Thursday 27 January 2011

Mississippi affected by shortage of execution drug


Just weeks before Mississippi had back-to-back executions for the first time in nearly 50 years, officials were scrambling to find enough sodium thiopental to carry out the sentences.
The executions were carried out as scheduled, but the difficulty in finding sodium thiopental shows Mississippi is not immune from a nationwide shortage of the drug.
State Corrections Commissioner Chris Epps said Wednesday the state is looking for a replacement for sodium thiopental, one of three drugs used in Mississippi's executions.
"We don't have a choice. We're wearing out our options," Epps said.
Hospira Inc., the only U.S. supplier of sodium thiopental, stopped producing it in 2009. The company recently announced that it won't resume production.
Epps and the Mississippi attorney general's office said Wednesday that state officials are looking for a different drug for executions, but using a new drug creates the potential for a wave of legal challenges to the state's method of execution.
Mississippi Attorney General Jim Hood wrote a letter to Hospira last April, asking if there was anything he could do to help expedite a shipment of sodium thiopental because the state didn't have enough for two executions, scheduled the following month, on May 19 and 20.
In a reply dated May 18, Brian J. Smith, senior vice president, general counsel and secretary for Hospira, told Hood he couldn't help because Hospira does "not support the use of any of our products in capital punishment procedures" and that manufacturing had halted in mid-2009 due to "manufacturing difficulties."
Smith wrote that Hospira was aware its products were being obtained from third parties for executions, but the company didn't agree with that practice and would not ship directly for use in lethal injections.
The Associated Press obtained the letters through a public records request.
The Mississippi Department of Corrections eventually got the drug for the two May executions from a pharmacist who doesn't want to be identified, said department spokeswoman Tara Booth.
Mississippi executed Paul Everette Woodward as scheduled on May 19 for the 1986 rape and murder of a 24-year-old woman.
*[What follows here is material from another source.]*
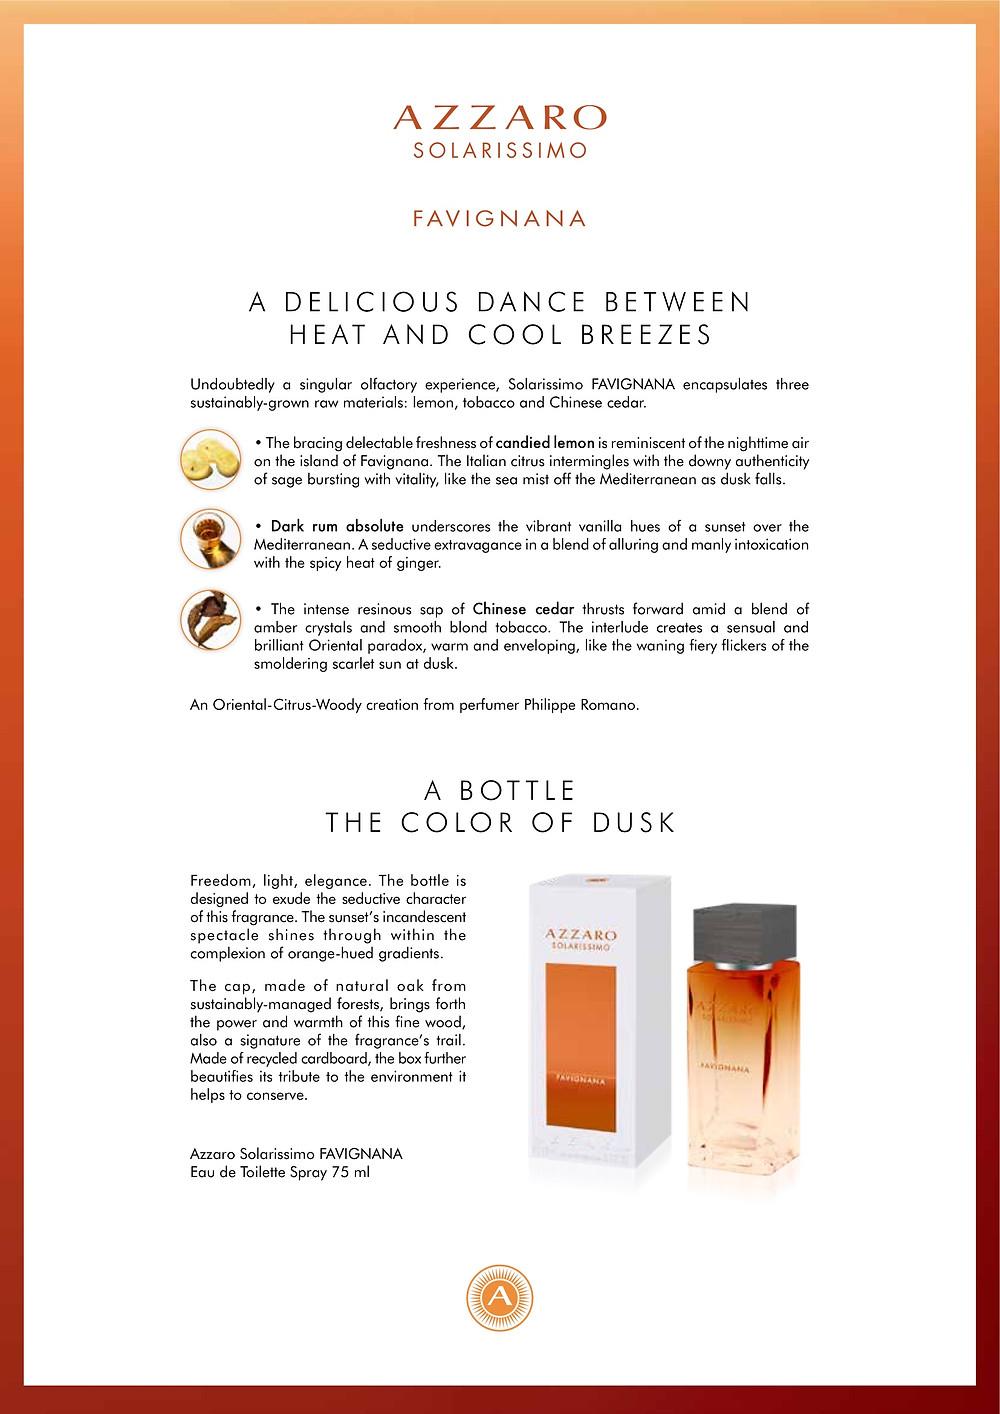 Azzaro Favignanan, A Delicious Dance Between Heat and Cool Breezes | Susan Santora | Copywriter

The following day, Gerald James Holland was put to death for raping and killing a 15-year-old girl.
That was the first time Mississippi carried out back-to-back executions since 1961.
Epps said the state has enough sodium thiopental for four executions, but sodium thiopental has a shelf life and the current supply expires in March.
Epps said the he expected Hospira to quit making sodium thiopental, and he's been looking for the best alternate that will stand up to court challenges. Epps said he's been researching other drugs and what other states are doing. He plans to discuss the matter with Oklahoma officials at a corrections conference this weekend.
Oklahoma began using pentobarbital, a surgical sedative sometimes used in assisted suicides, instead of sodium thiopental last year. Ohio announced Tuesday that it could become the first state to use pentobarbital alone, without two additional drugs that paralyze inmates and stop their hearts.
But pentobarbital maker Lundbeck Inc. said Wednesday that it never intended for the drug to be used to put inmates to death. The company's Deerfield, Ill., office sent letters to Ohio and Oklahoma on Wednesday urging the states not to use the drug in their capital punishment procedures.
Sodium thiopental is an anesthetic that is supposed to leave the inmate unconscious and unable to feel pain. In Mississippi and several other states, it is used in combination with pancuronium bromide, a paralytic that is intended to prevent involuntary muscle movements, and potassium chloride, used to stop the heart.